San Francisco plans to move to the yellow row next week, a change that will bring a breath of fresh air to its restaurants and bars. In a small business webinar from the San Francisco Office of Economic and Human Resources Development, SF Assistant Health Officer Dr. Susan Philip said the city and county are on track to enter the least restrictive yellow tier this coming Friday, May 7th, vaccinated guests may be able to remove masks outdoors, and bars may be able to move indoors with a capacity be reopened by 25 percent.
The biggest update is that the city is hoping to simplify the rules on outdoor masks after the CDC recently recommended that fully vaccinated individuals no longer need to wear masks outdoors when walking, running, cycling, or chatting in small groups gather.
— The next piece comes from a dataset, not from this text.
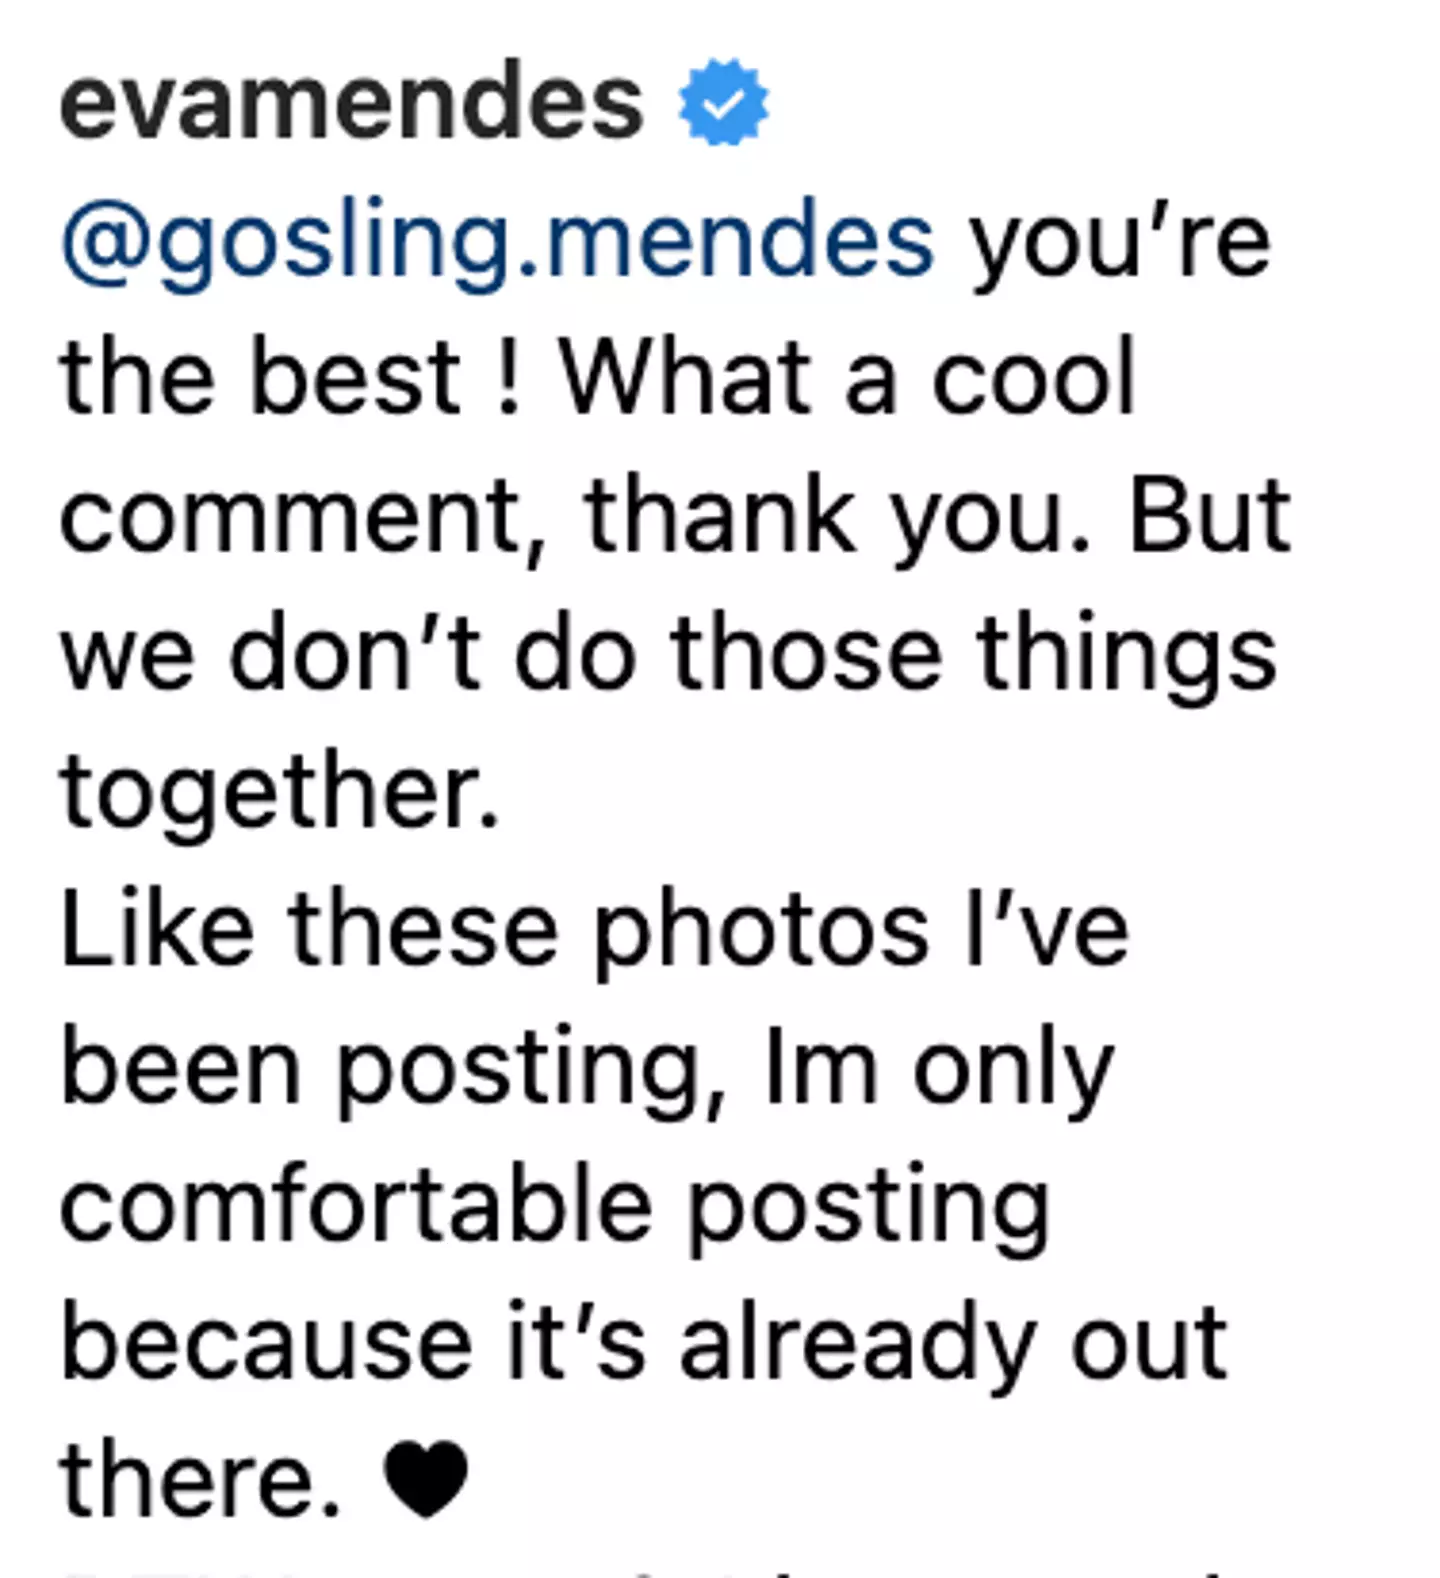 Mendes said she only shares images that are 'already out there'.

However, San Francisco is waiting for California to formally conform to advice from the CDC before official updates are made, and overall, the SFDH continues to promote outdoor activities that Dr. Philip continues to be much safer than indoor activities.
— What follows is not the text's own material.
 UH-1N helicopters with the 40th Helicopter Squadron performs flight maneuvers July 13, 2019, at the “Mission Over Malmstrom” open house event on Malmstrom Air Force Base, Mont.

In restaurants with al fresco dining, the yellow tier means that fully vaccinated individuals may no longer need to wear face masks, provided the tables are six feet apart. Unvaccinated individuals are still advised to wear face masks outdoors and everyone must continue to wear face masks indoors. Indoor dining will stay constant at 50 percent capacity, which may be a disappointment for some, but the total number of people limit will be removed and the tables will accommodate up to eight people from three different households. Buffets as well as sushi boats and fro-yo machines can also return, provided a measuring system is in place.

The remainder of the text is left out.